Я уже привык, что меня представляют: «Вот Орхан Памук — турецкий писатель, лауреат Нобелевской премии, он пишет о Стамбуле». Я очень люблю город Стамбул. Но всё же меня больше интересует человек в Стамбуле, его жизнь, переживания, воспоминания. Стамбул стал одним из героев моей прозы, он не просто декорация. Даже на расстоянии я чувствую связь с этим городом.
Во-первых, я никогда не описываю человека один в один. Во-вторых, я избегаю писать книгу, основываясь на истории одного человека. Ни одна жизнь не достойна того, чтобы стать основой для романа. Литературный персонаж — это всегда комбинация многих людей. Я часто слышу: «О, пожалуйста, мистер Памук, опишите мою жизнь! Я вам всё расскажу — это очень интересно!» Но интересно бывает только пока вы слушаете этого человека или сотню других людей. Для романа нужно много историй. Жизнь одного человека — это ещё не хороший роман.
Мне нравится тема вины. Потому что я все время чувствую себя виноватым. Это первая причина. Во-вторых, вина — суть этики и большинства религий. Вина позволяет понять того, кто оказался в трудной ситуации. Мы идентифицируем себя с людьми, которые не похожи на нас. Общаемся с теми, кто не похож на нас. Обращаем внимание на тех, кто страдает. Вина побуждает нас делать это. Нет, мы не получаем удовольствия от того, что испытываем вину по отношению к другим. Но это искусство романа, дух романа — сердцем прочувствовать вину. Люди пишут романы потому, что у них есть особенные мускулы — талант.
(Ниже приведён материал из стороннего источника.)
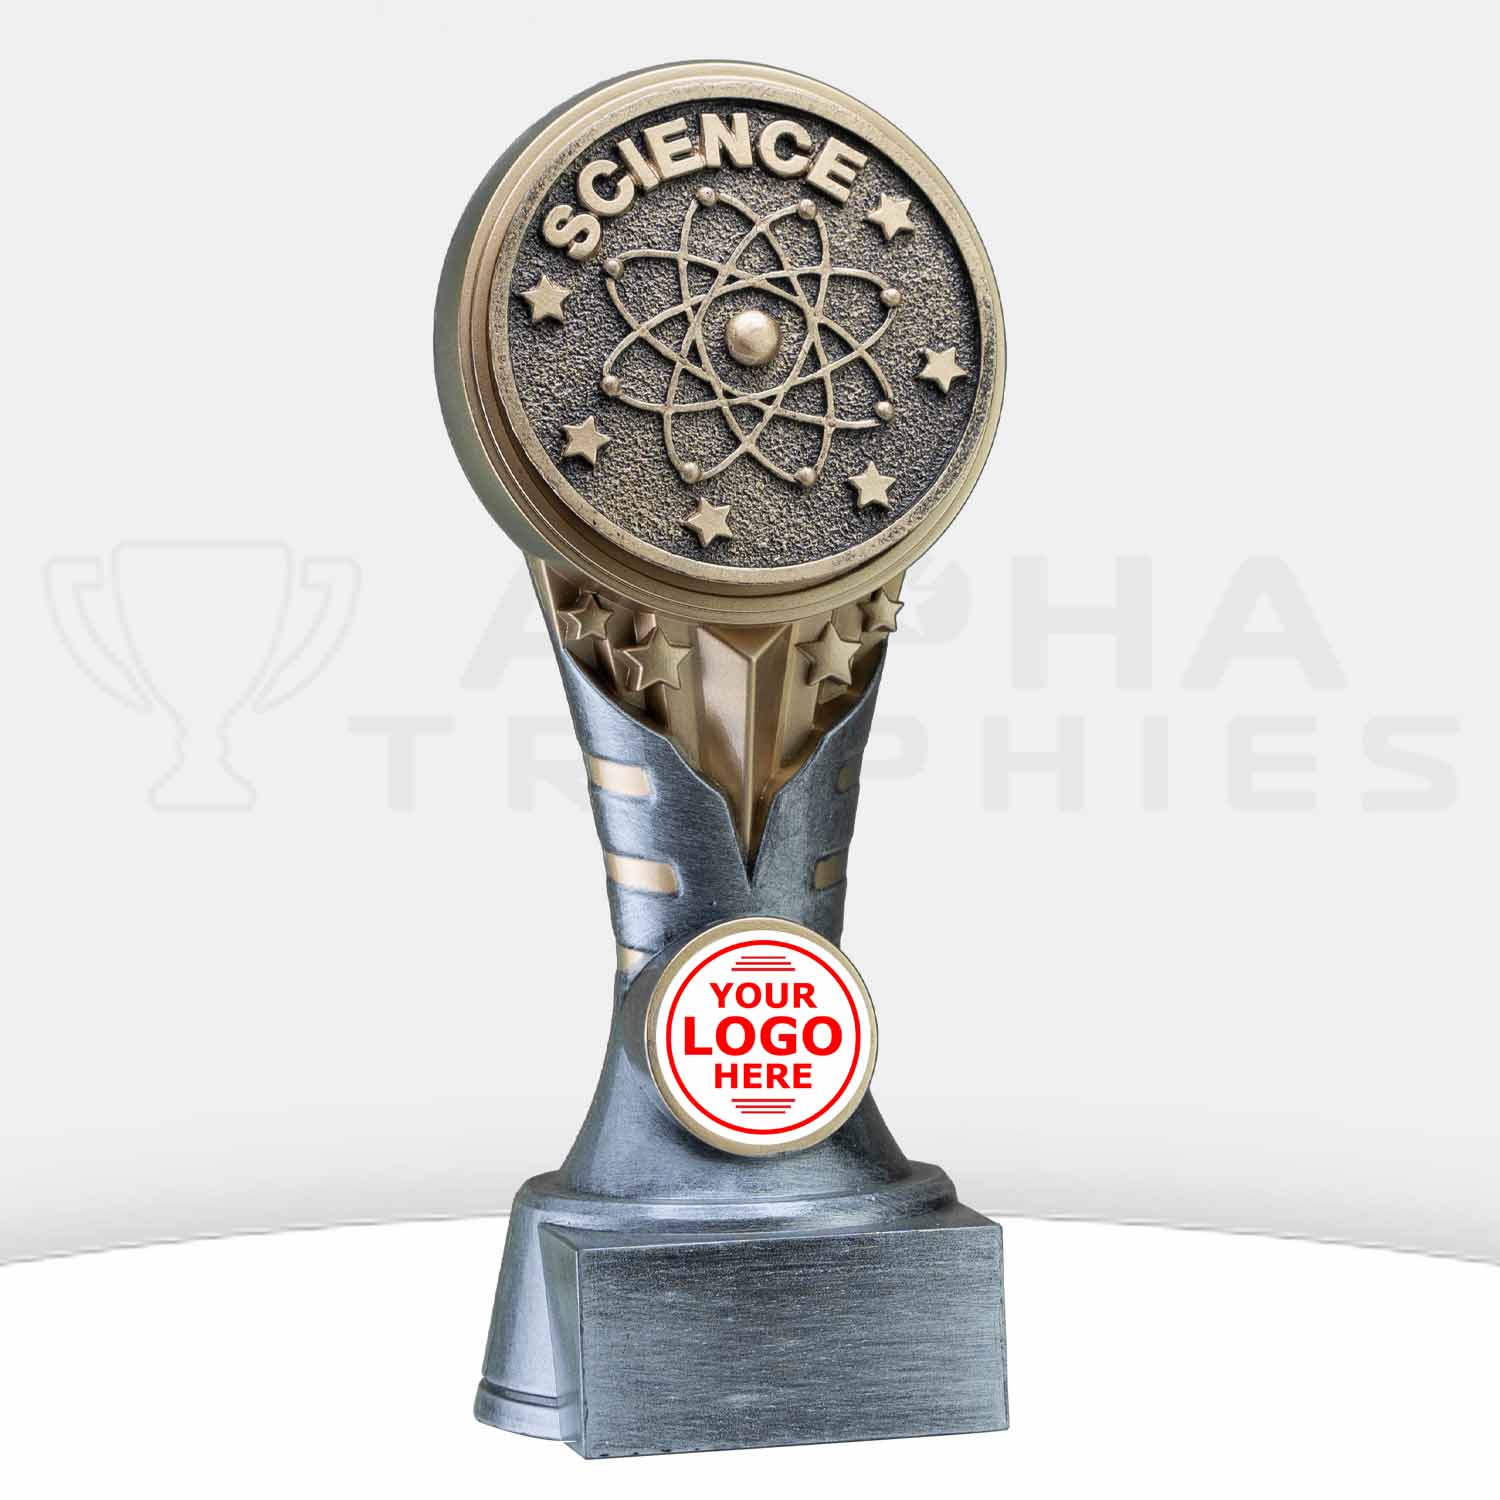 ikon-trophy-science-kn212a-front-with-logo

Свобода писателя должна быть только абсолютной! Я не политик, не государственный человек. Если бы я был государственным человеком, то отвечал бы за свое государство, за свой народ, за то, за это. Но я — писатель и отвечаю только за свои слова. Да, есть этические, этнические, религиозные запреты, которые постоянно мешают мне высказываться свободно. Но если я, писатель, каждый раз буду думать о том, что я несу ответственность перед своим народом, перед своим государством, перед своим прошлым, то — всё! Свободе писательского самовыражения наступит конец.
Писателю нужна наивность, ему нужен взгляд ребенка, иначе он не разглядит в до боли знакомом мире ничего из того, о чем стоило бы сказать, что стоило бы сделать незнакомым и удивительным. Сентиментальность же работает в области передачи: позволяя писателю оставаться восприимчивым, она дает возможность его детскому взгляду находить какие-то общезначимые, космополитичные способы передать эти чувства. <...> Детский взгляд нужен затем, чтобы выполнять главную задачу литературы — делать незнакомое знакомым и знакомое незнакомым.
Современность говорит нам: будь мобильным, не вникай в вещи, не засиживайся на одном месте. Это несбыточный идеал, а точнее, чья-то выдумка, которую пытаются выдать за модель жизни. Посмотрите вокруг: большинство людей не скачут с места на место, а живут на одном месте, врастая в него, становясь частью пейзажа. Вот и я стараюсь быть на своём месте и рассказывать истории, как бы «стоя на нём».
В светлые моменты я, конечно же, за Толстого. Когда я доволен собой, когда я счастлив и уравновешен, когда я вижу, что мир вокруг прекрасен и осмыслен — так, как это происходит у Толстого, — я чувствую себя по-толстовски и пытаюсь запечатлеть в своих романах гармонию и целостность мироздания. Но бывают моменты, когда мне не нравится все происходящее — и вот тогда в моей душе просыпается мятежный дух Достоевского, который нашептывает мне: «Толстой лжёт, всё, что он говорит, — утешительные и наивные выдумки». В такие моменты я вижу, что мир слишком драматичен, слишком зациклен на себе, и это вызывает мой гнев, который находит выход через неистовство Достоевского, через его ярость и боль. Я бесконечно восхищаюсь Достоевским как личностью и визионером, поэтому в моменты раздражения, тревоги и депрессии я, конечно, автоматически оказываюсь на его стороне.
Моя стихия — вода. Перед тем как написать одну строчку или абзац, я должен услышать в себе или поблизости её тихое журчание, нежный плеск волн, какой-то прилив.